When cooked, bring all these together in a bowl – add a little freshly squeezed lime juice too if you like, and some chopped coriander leaf.

Next for the sauce and, really, any chilli–tomato sauce will do. For ours, I finely chopped an onion, sweated it in a little olive oil for a few minutes, added some finely chopped red chilli, a heaped teaspoon of ground cumin, a little paprika and a can of chopped tomatoes. Mix well, add a little water and simmer for 20 minutes or so until the tomatoes have cooked down and the flavours have all combined. Set aside.

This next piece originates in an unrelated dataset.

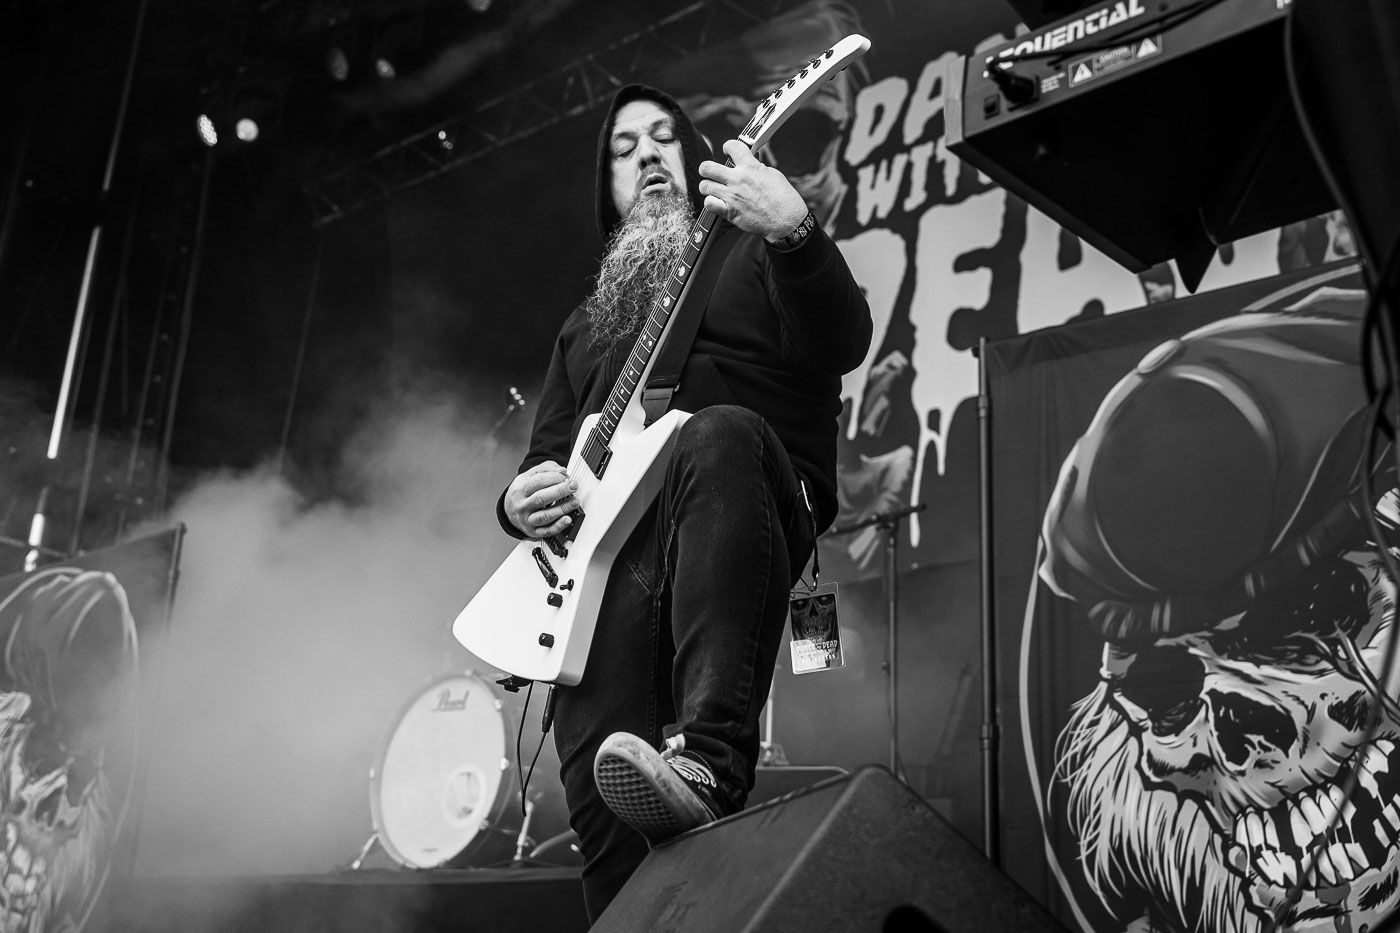 Dance with the Dead @ Copenhell

Now, back to the tortillas. To prep them for the oven, first warm each tortilla you’re using in a dry frying pan on a medium heat, splashed with a tiny sprinkling of water. Warm them for around 30 seconds a side, making sure they don’t stick.

Take a serving-spoonful of the tortilla filling and place it in the middle of each tortilla. Fold over two opposite sides of the tortilla slightly, then roll up the other ones to make a sealed cylinder – or something approximating one. These need to be transferred to a lightly oiled baking dish – so make sure they’re rolled up tightly enough to be able to transfer them. Be careful!

When your tortillas are sat snug in the baking dish, cover them with your chilli–tomato sauce. Bake for 15 minutes, then take them out of the oven, grate some cheese over the top (cheddar or gouda will be fine) and return to the oven for 5 more minutes until it melts.

Serve hot with some salad. Oh and be careful when lifting them out of the baking dish – they’re liable to fall apart.